Backside power distribution is a key advancement that brings power to the backside of the chip, with Intel already announcing its own version of this technique, dubbed PowerVIA. This technique routes all power for the transistors directly to the transistors through the backside of the transistor, partitioning power delivery to the backside of the transistors while data transmission interconnects remain in their traditional location on the other side.
Separating the power circuitry and the data-carrying interconnects improves voltage droop characteristics, allowing for faster transistor switching while enabling denser signal routing on the top of the chip. Signaling also benefits because the simplified routing enables faster wires with reduced resistance and capacitance. Imec firmly believes that backside power delivery will extend to all leading-edge chips and has been working on this technology for five years, creating its own unique patented backside power delivery technology.
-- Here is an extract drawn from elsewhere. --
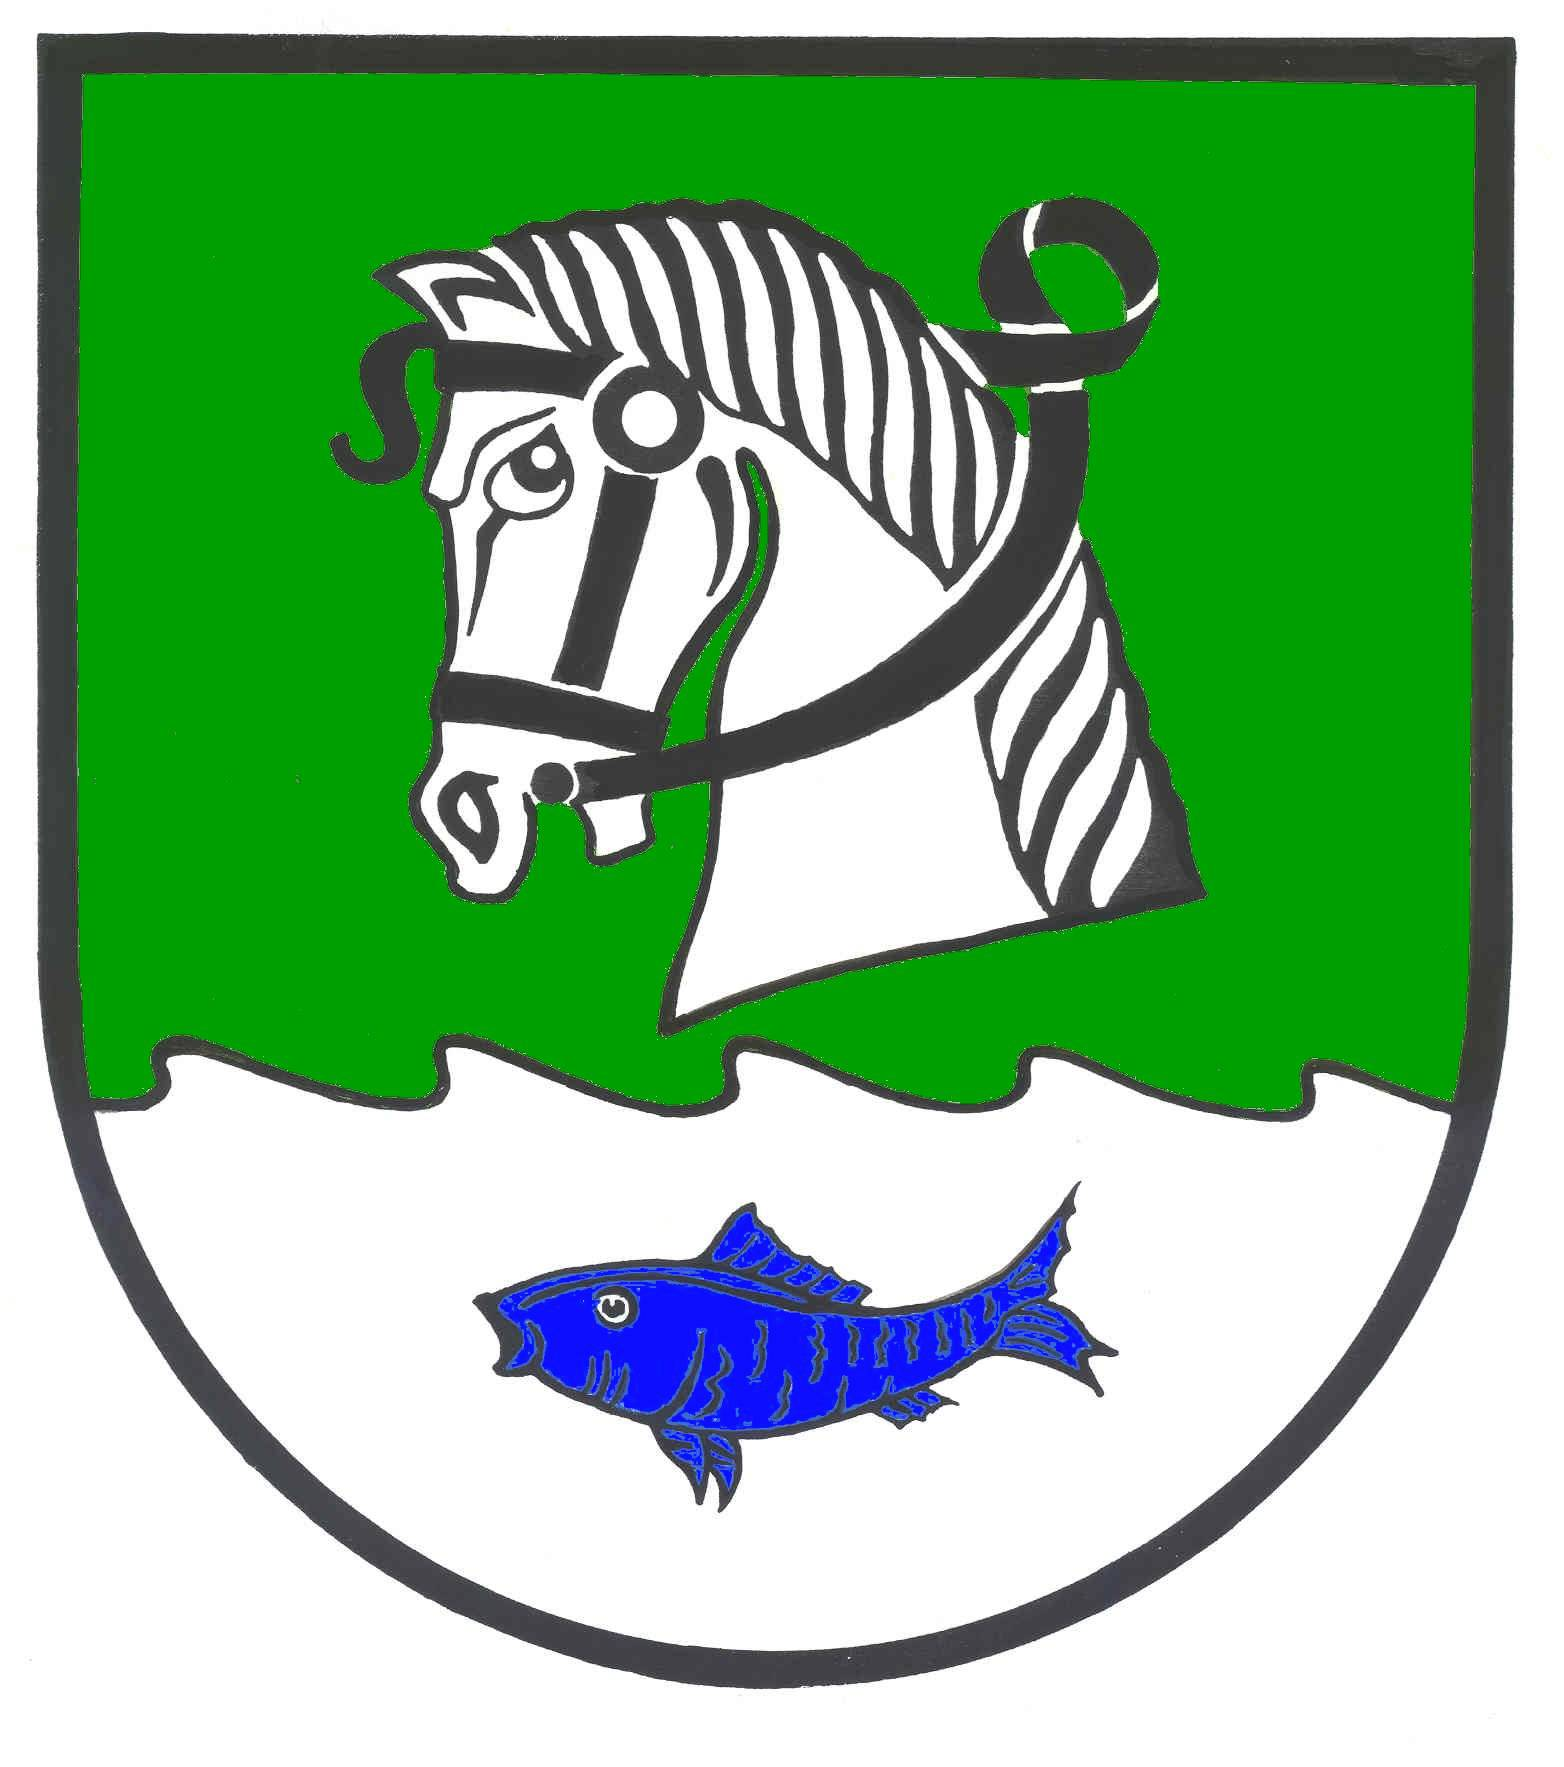 Wappen GemeindeGroven, Kreis Dithmarschen

Naturally, heat could become an issue with backside power delivery as the transistors will have metal layers placed on the side of the silicon that usually dissipates heat. Still, imec tells us that the metals used (currently copper) are adept enough at dissipating heat to reduce the impact. However, some design considerations will need to be made to accommodate this technique.
Further improvements on the roadmap include direct metal etch techniques for interconnects, along with self-aligned vias with air gaps. Interconnects, the tiny wires that enable power delivery and communication, has become one of the biggest barriers to scaling. That problem is becoming more pronounced over time — the width of these wires will need to be only a few atoms thick. Imec is also researching new metals that will replace copper, with graphene being among the candidates.
Imec is also researching system technology co-optimization (SCTO) techniques, such as 3D interconnects and 2.5D chiplet implementations. A dearth of Electronic Design Automation (EDA) software for 3D chip designs is the primary inhibitor to wider industry adoption. Imec is working with Cadence to enable advanced software that will simplify the 3D design process.
Stretching out to an even broader view beyond 2030, we see that imec envisions that new materials will replace silicon and the emergence of 2D atomic channels. Imec also believes that magnetics-based gates could emerge as an alternative as the industry inexorably moves towards quantum computing.